And that's kinda what I'm getting at in my previous post. Teams are not static over the course of a three-month season - some get better, some get worse, and most get better or worse on a week-to-week basis. To use that previous example again, the Stanford team Notre Dame defeated wasn't necessarily the same Stanford team that has sucked over the second half of the season. (Or to reframe the point with a different example: shouldn't Michigan be dinged even more for losing to Notre Dame than you might think because Wimbush was playing instead of Book, and Wimbush's mediocrity has been proven pretty conclusively since then?) To be fair, this is more of a philosophical argument than a practical one; in the absence of clearer data, using "Average Stanford" as a proxy for "Week 5 Stanford" in determining Notre Dame's SOS is probably all you can do. But then, don't more recent results carry more weight with the committee than do earlier ones? They certainly do for the March Madness committee in basketball, as does player unavailability on account of injury or suspension at various points during the season. And as soon as you accept that chronology matters at all, it seems to me that one ought to be open to the possibility that SOS isn't necessarily as clear-cut a metric as we always think it is.

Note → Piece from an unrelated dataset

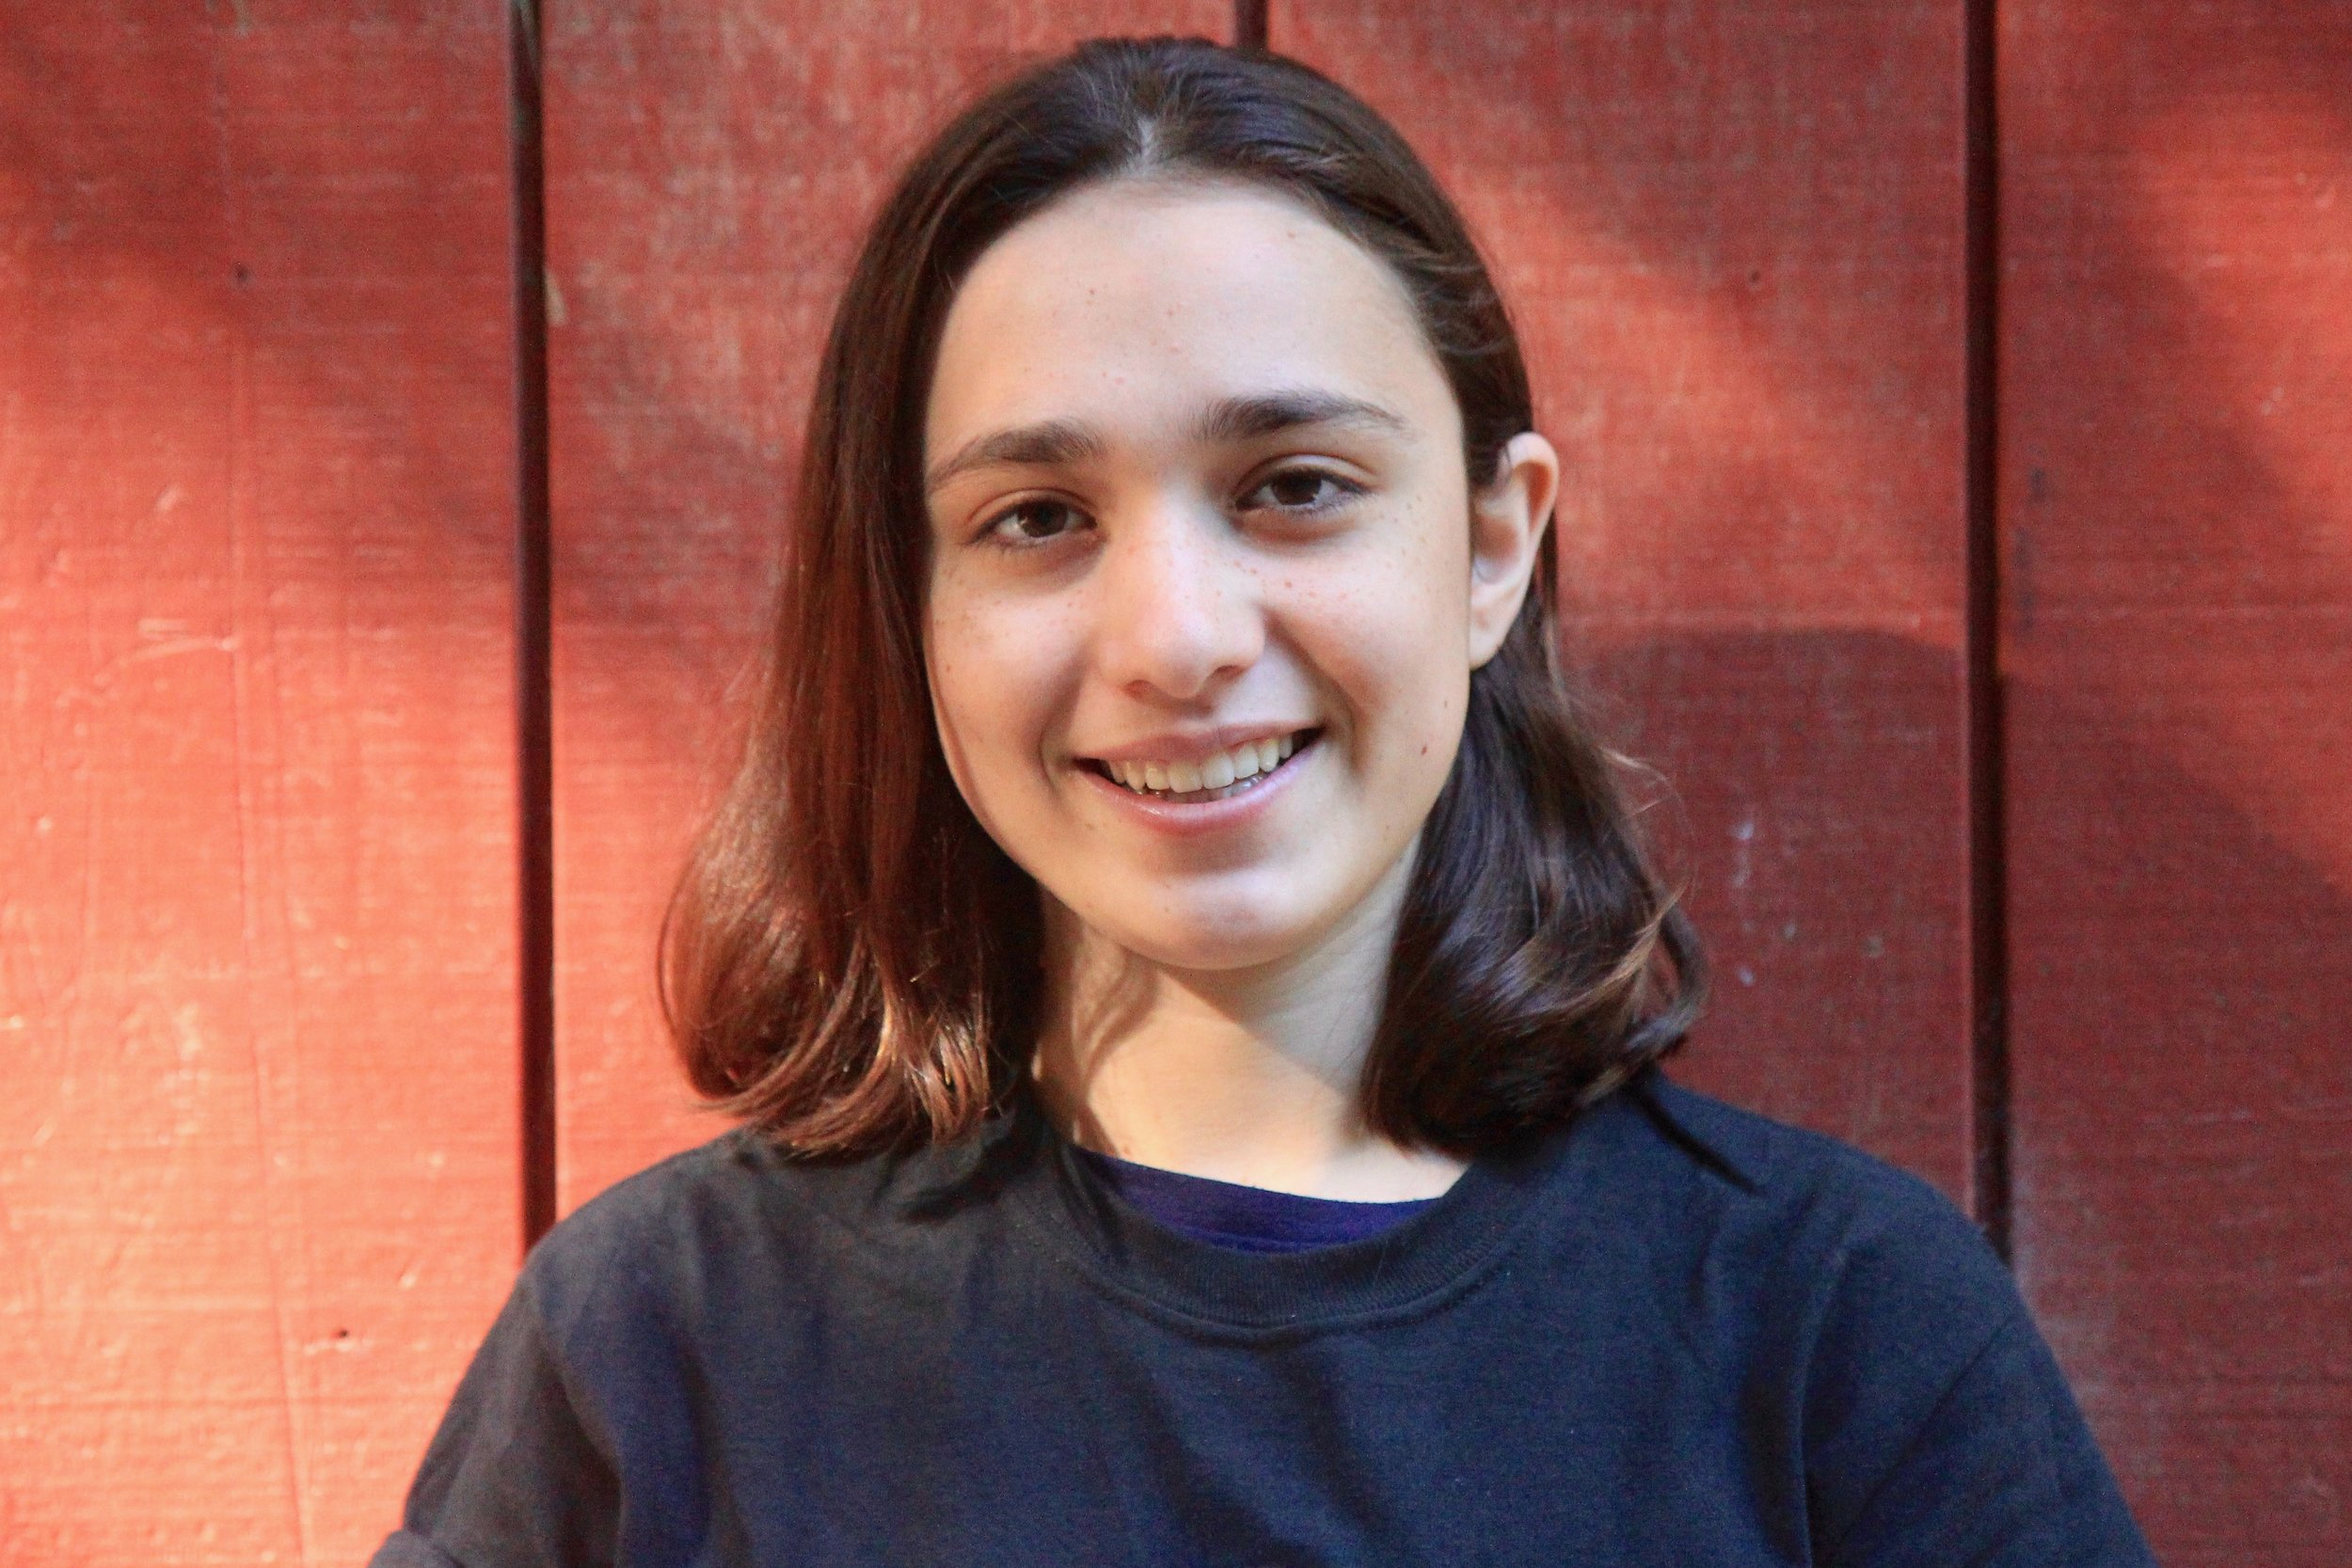 Eliana Goldstein, Contra Costa Jewish Day School, Concord

You're really just arguing for a return to reliance on preseason polls that the committee has rightly at least pretended to disavow. If you're ranked #20 preseason, but "shock the world" in an upset over the preseason #1, congratulations, you've become a top 5 team, no matter whether that preseason #1 proceeds to lose four of its next five.

There is no reason to believe that "week 5 Stanford" was any better than average Stanford or current Stanford. They were highly ranked because they were named Stanford and were 4-0 (like many other teams). This is the very reason the committee waits until the end of October to release their initial rankings -- not just because it's harder to fairly differentiate the 4-0 Stanfords and the 5-0 Colorados from the true top 10ish teams, but because it's impossible to fairly value the quality of a win over one of those type teams until later.

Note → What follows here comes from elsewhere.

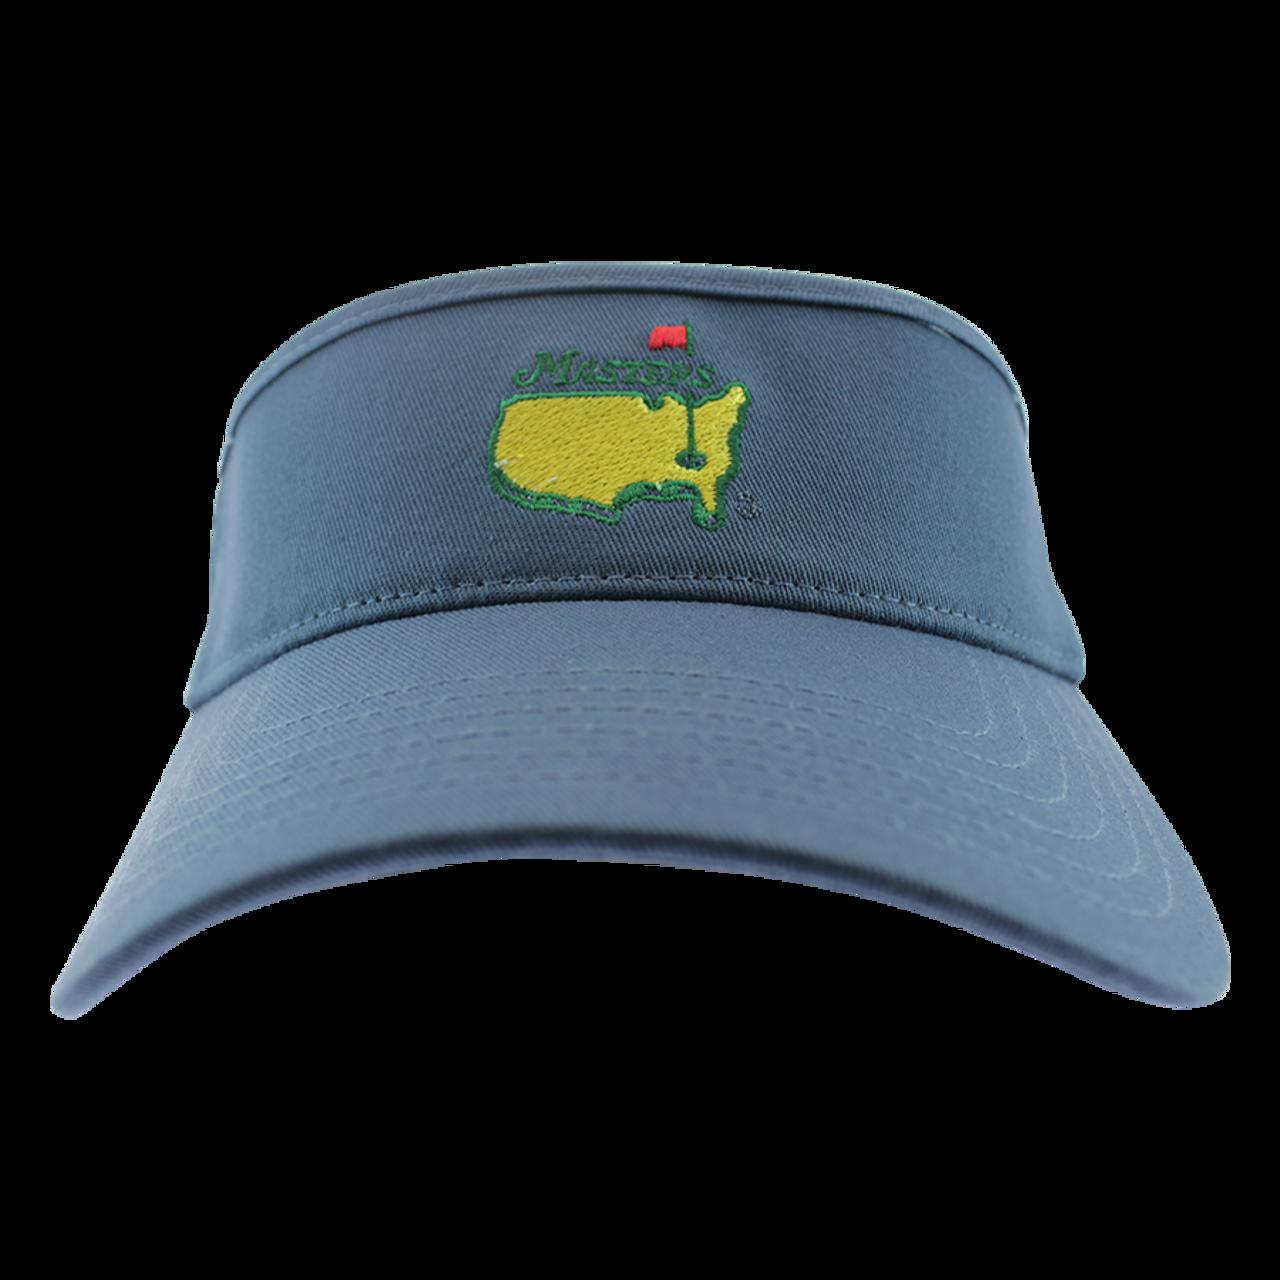 de44180b5907c 2019 Masters Green Alternate Logo Caddy Hat

I don't think anybody actually believes that SOS is a "clear-cut metric" at all. There are many different ways to calculate it, which is why the rankings are different from system to system, and nobody I know here is relying on a simplified RPI-style SOS. But what *is* clear-cut at least to me, is that every SOS that uses a current assessment of the teams played is better than some wildly subjective assessment of opponent quality that includes speculation that certain losses "had something to do with the downward spiral each team suffered thereafter," and thus those teams' full record should be discounted.
 
I don't think anybody actually believes that SOS is a "clear-cut metric" at all. There are many different ways to calculate it, which is why the rankings are different from system to system, and nobody I know here is relying on a simplified RPI-style SOS. But what *is* clear-cut at least to me, is that every SOS that uses a current assessment of the teams played is better than some wildly subjective assessment of opponent quality that includes speculation that certain losses "had something to do with the downward spiral each team suffered thereafter," and thus those teams' full record should be discounted.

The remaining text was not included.